Я не мог дать никаких показаний, поскольку находился в тот момент в дальней комнате на втором этаже и имел возможность ничего не видеть и не слышать. Однако же сразу, как только я узнал о постигшем нас несчастье, у меня возникла эта постыдно жестокая мысль – нет, мне действительно очень стыдно за неё, я не могу себе простить, что самой первой моей мыслью из всех возможных было: «Старик созрел!»

•••

Старик действительно созрел к тому времени, Августин Файнгольд, дядя второй степени родства, сводный брат моей матери. Хотя можно считать, что и первой степени, поскольку брак их родителей был родственным: между кузенами. То есть мои дед и бабка были двоюродными братом и сестрой.

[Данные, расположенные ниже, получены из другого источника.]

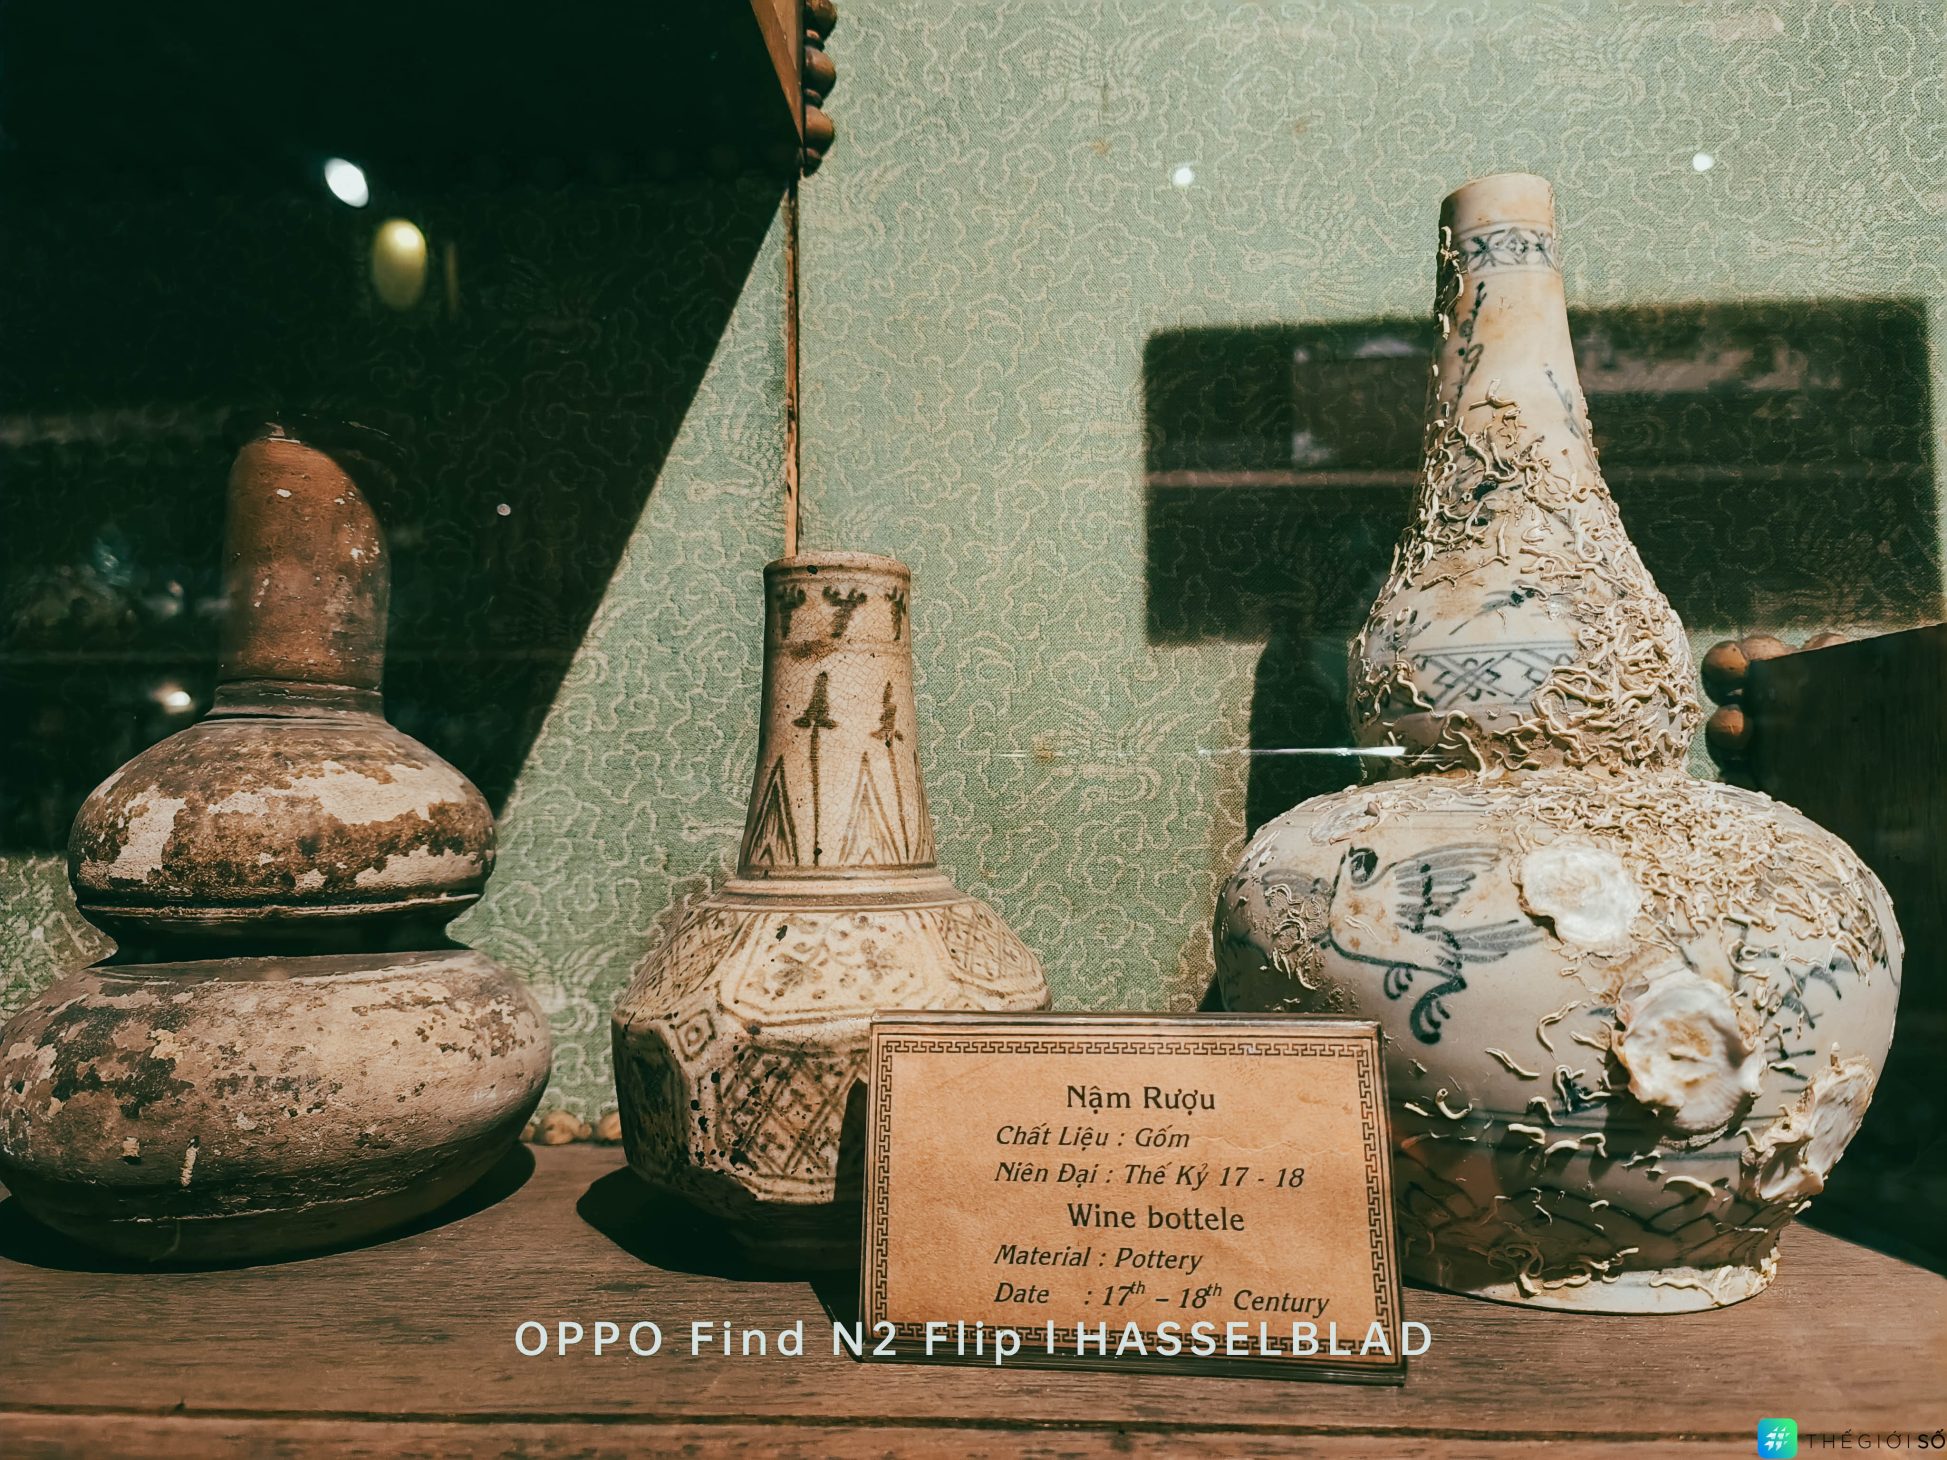 Oppo N2 Flip "choáng ngợp" trước Bảo tàng Y học cổ truyền - một  điểm du lịch độc đáo ít ai biết - Oppo N2 Flip 1 of 1 21

На посторонний взгляд, он был моим покровителем и абсолютным благодетелем, которому я должен был желать всех радостей – земных и небесных.

Представить только, в один прекрасный день сижу я в своём Шверине и даже ещё дальше – в Мекленбурге, который потускнел и словно бы оплешивел на фоне этих новых рекламных щитов, глянцевых и ярких, не так давно появившихся в наших краях, – а раньше мы вроде и не замечали этой серости, – и вдруг получаю письмо: «Дорогой племянник, хоть ты меня и не знаешь…»

Подумать только, письмо с Запада, пришедшее на Бетховен-штрасе, где время давно остановилось – лет сорок пять тому назад! Боже мой! У меня это даже в голове не укладывалось, я сидел на кухне, держа письмо в руках. Узор на кафельных плитках – три голубых бубенчика справа смотрят вверх, три голубых слева – вниз, тысячу раз я это видел, но теперь будто впервые разглядел. Чайник на плите, грузинская баночка со специальной чайной смесью на полке, но здесь же и новое для наших мест печенье с Запада – «Лейбниц». Сидел среди всего этого и читал: «Дорогой племянник, если ты не против, других наследников, кроме тебя, у меня нет…»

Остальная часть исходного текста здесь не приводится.